VUB researchers used about 6.2% of the GPU compute time of the academic usage of the Tier-1.
VSC User survey#
At the end of 2024 the second edition of the VSC-wide user survey was run. This survey encompasses all VSC services (all Tier-1 components and all Tier-2 systems).
See also
The results of the 2023 survey can be found on Overview of 2023
The invite for the survey was sent out on 5 November 2024 and the survey closed on 17 December 2024. In total 555 people responded and 411 of those completed the survey in full, which is a 10% increase compared to 2023. There were 54 people affiliated with the VUB among the respondents (much appreciated!).
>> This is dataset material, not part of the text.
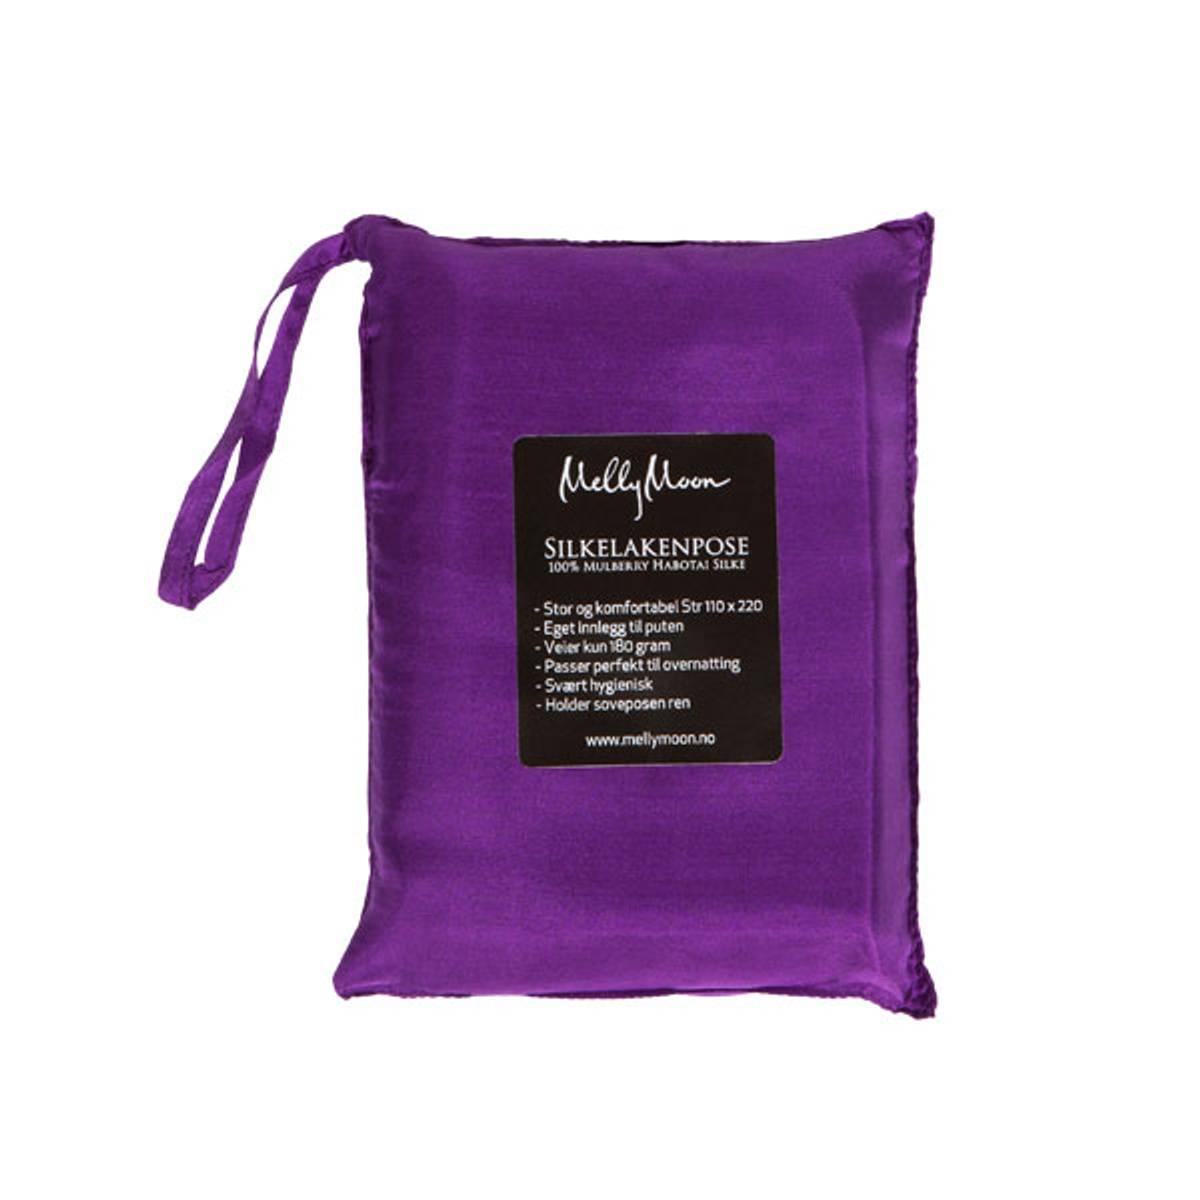 Silkelakenpose - lilla

Looking at the answers of those respondents who said they were using VUB’s Tier-2 (Hydra), we get the following percentages of people who rated that service as Excellent or Good (discarding answers that said No Experience):
Quality |
98.1% (51/52) |
Response time |
98.0% (49/50) |
Correspondence to expectations |
88.7% (47/53) |
Software installations |
92.9% (39/42) |
Availability |
92.6% (50/54) |
Maintenance communication |
94.0% (47/50) |
Documentation |
89.1% (49/55) |
Getting started |
83.6% (46/55) |
In general we are happy with this result as it shows that our services are very positively valued by our users. Like last year, Getting started and our Documentation was rated as the least good point.
Regarding the documentation we started with a re-design in 2023 of the VSC docs website and in 2024 we continued with integrating our own documentation into it. The goal is to gather in a single place all the documentation related to our services.
Note
We are open to feedback on how we can improve the documentation. There is a constant effort in making the documentation both up to date and complete. So if you find anything wrong or have suggestions, please contact VUB-HPC Support
Getting started on Hydra is not easy as there is quite a learning curve. With training and documentation we try to lower the curve as much as possible. We hope that the new Open Ondemand portal will improve the situation. Our plan is that this portal will become the default way of accessing the cluster.
In the free comments section of the survey we found the following three main suggestions and requests:
More GPUs
Queuing time is perceived as too long
Add a Open OnDemand platform
We are aware that the GPUs are in high demand and the queuing time on them can be longer than tolerable at times. We are trying to actively push the biggest GPU users to the Tier-1 and we are working on buying more GPUs for Hydra.
Regarding Open OnDemand, this year 2025 we launched our new VUB portal based on Open OnDemand: New OnDemand web portal for HPC.
About advanced or application specific training, if you have any ideas on topics for such a training, please let us know at VUB-HPC Support.
Finally, we want to finish this report with several very positive comments that we spontaneously received in the survey:
“I am very impressed by how the HPC team listens to the users’ requirements. They were very quick to implement a test partition for GPU jobs which can enhances the workflow.”
“The user manual is very detailed and highly usable.”
“Sometimes the queue time is very long. However i want to emphasize that the HPC-team at the VUB are super helpfull. They are always nice and take their time to explain things to me.”
“They are always very friendly and helpful, very nice to work with them!”